Am 30. April 2020 wurde Prof. Wieler auf Focus-online wie folgt zitiert: „Wir sehen, dass in Deutschland die Übersterblichkeit steigt.“ Man habe noch keine aussagekräftigen, belastbaren Zahlen, aber erkenne den Trend. Besonders in Hessen und Berlin erkenne man eine deutliche Übersterblichkeit.“ Nur wenige Tage zuvor, am 21. April 2020, gab das Hessische Landesprüfungs- und Untersuchungsamt im Gesundheitswesen (HLPUG) auf hessenschau.de bekannt, dass in Hessen seit März pro Tag zwischen 160 und 170 Menschen verstorben seien. Dr. Helmut Uphoff (HLPUG), der die Sterbezahlen der hessischen Kommunen auswertet, wurde in den Medien dahingehend zitiert, dass „das vergleichsweise wenig sei“. Eigentlich seien, so Dr. Uphoff, in dieser Jahreszeit 160 bis 200 Tote pro Tag zu erwarten, also mehr als derzeit.

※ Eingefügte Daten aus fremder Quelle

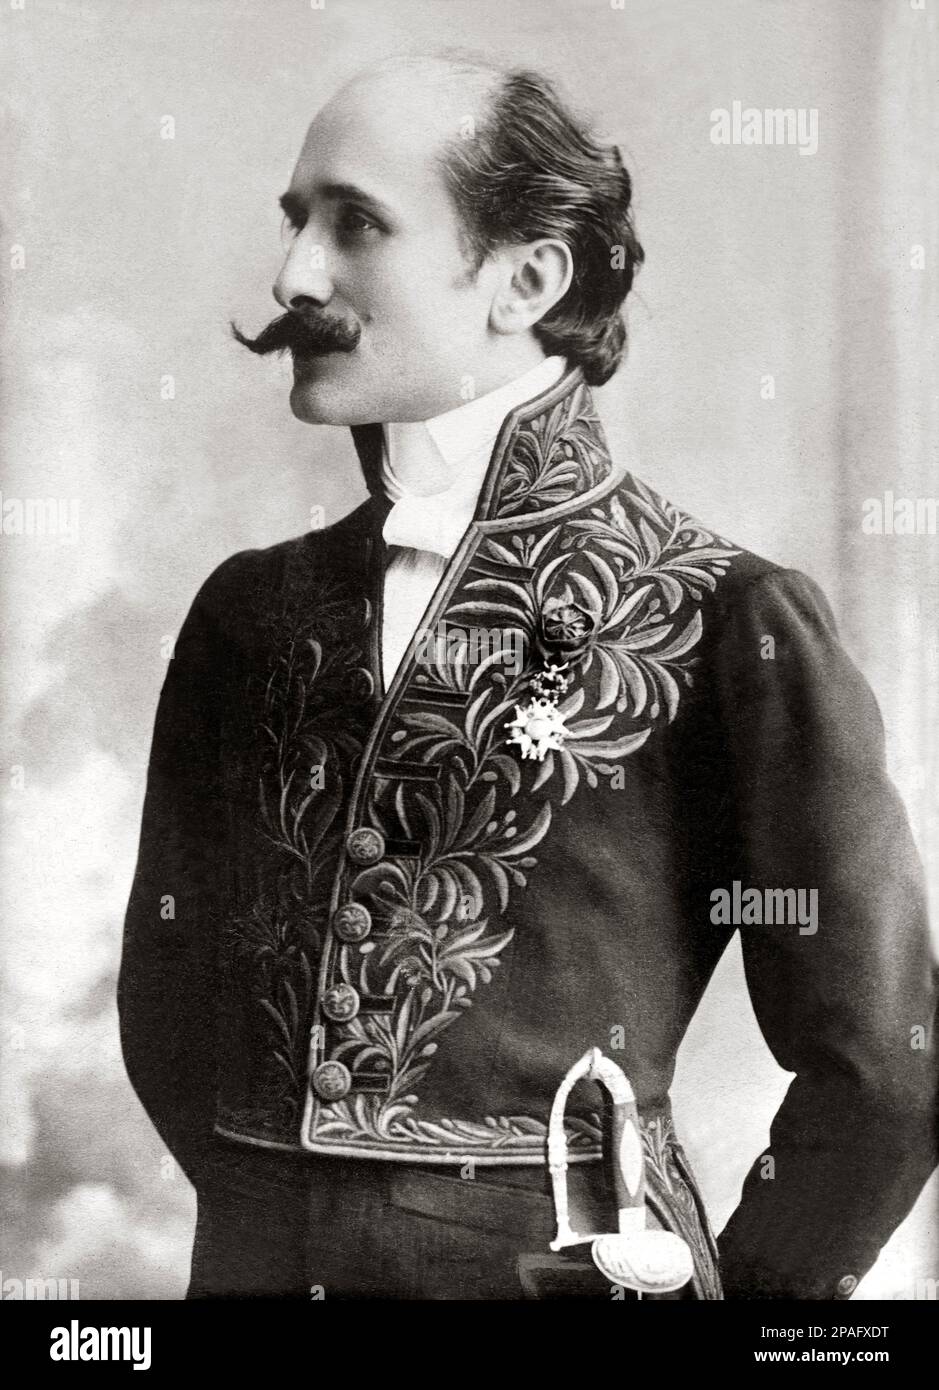 1910 , París , Francia : El escritor y dramaturgo francés EDMOND ROSTAND ( 1868 - 1918 ), vestido con uniforme de LA ACADEMIA FRANCESA , Autor de la obra L' AIGLON para Sarah Bernhardt - OTTOCENTO - BELLE EPOQUE - TEATRO - TEATRO - TEATRO - SCRITTORE - LETTERATO - LETTERATURA - LITERATURA - DRAMMATURGO - COMMEDIOGRAFO - dramaturgo - SIGLO XIX - PARIGI - PARÍS - baffi - bigote - corbata - cravatta - collar - Colletto - medallas - medaglia - medaglie - espada - espada - Academia de Francia - stempiato - stempiatura - cronometrado en los templos - profilo - perfil ---- ARCHIVO GBB Foto de stock

Diese diametral entgegengesetzten Aussagen einer Hessischen Landesbehörde und der Bundesbehörde RKI veranlassten mich, mittels einer Kleinen Anfrage an die Landesregierung herauszufinden, welche der beiden Aussagen denn nun korrekt ist. Diese Frage ist aus zweierlei Gründen wichtig: Zum Einen stand die Glaubwürdigkeit einer Landesbehörde im Gegensatz zu einer Bundesbehörde zur Disposition, zum Anderen muss man fragen, ob zwei Behörden durch völlig gegensätzliche Aussagen zum gleichen Thema die Bevölkerung verunsichern dürfen. Es kann in diesem Fall nur eine Aussage stimmen.
Um es kurz zu machen: Die Beantwortung meiner Anfrage durch das Hessische Ministerium für Soziales und Integration ergab, dass die Aussagen der Hessischen Behörde korrekt sind! Die Sterbefälle in Hessen bewegen sich, Stand 25. Mai 2020, weiterhin im für die Jahreszeit zu erwartenden Bereich. Meine Kleine Anfrage zur Gesamtsterbezahl in Hessen sowie die Beantwortung durch das Ministerium können unter dem Menüpunkt Parlamentarische Initiativen nachgelesen werden.
Aus welchen Gründen das RKI bzw. dessen Präsident, Prof. Wieler, diese Falschmeldung in überregionalen Medien verbreiteten, bleibt dahingestellt. Es reiht sich aber in die o.g. Fehleinschätzungen und widersprüchlichen Aussagen der Behörde ein. In diesem Zusammenhang muss hinterfragt werden, ob es in einer Krisensituation wie der derzeitigen generell sinnvoll ist, dass die Bundesregierung von einer von ihr abhängigen Institution beraten wird.
Das Robert Koch-Institut ist eine selbstständige Bundesoberbehörde und direkt dem Bundesministerium für Gesundheit unterstellt.
Ich hoffe, dass ich mit meiner Kommentierung einen Beitrag habe leisten können, der die eingangs gestellte Frage „Aufklärung oder unnötige Panikmache? zumindest in Ansätzen beantwortete. Über Rückmeldungen der geschätzten Leserschaft würde ich mich freuen.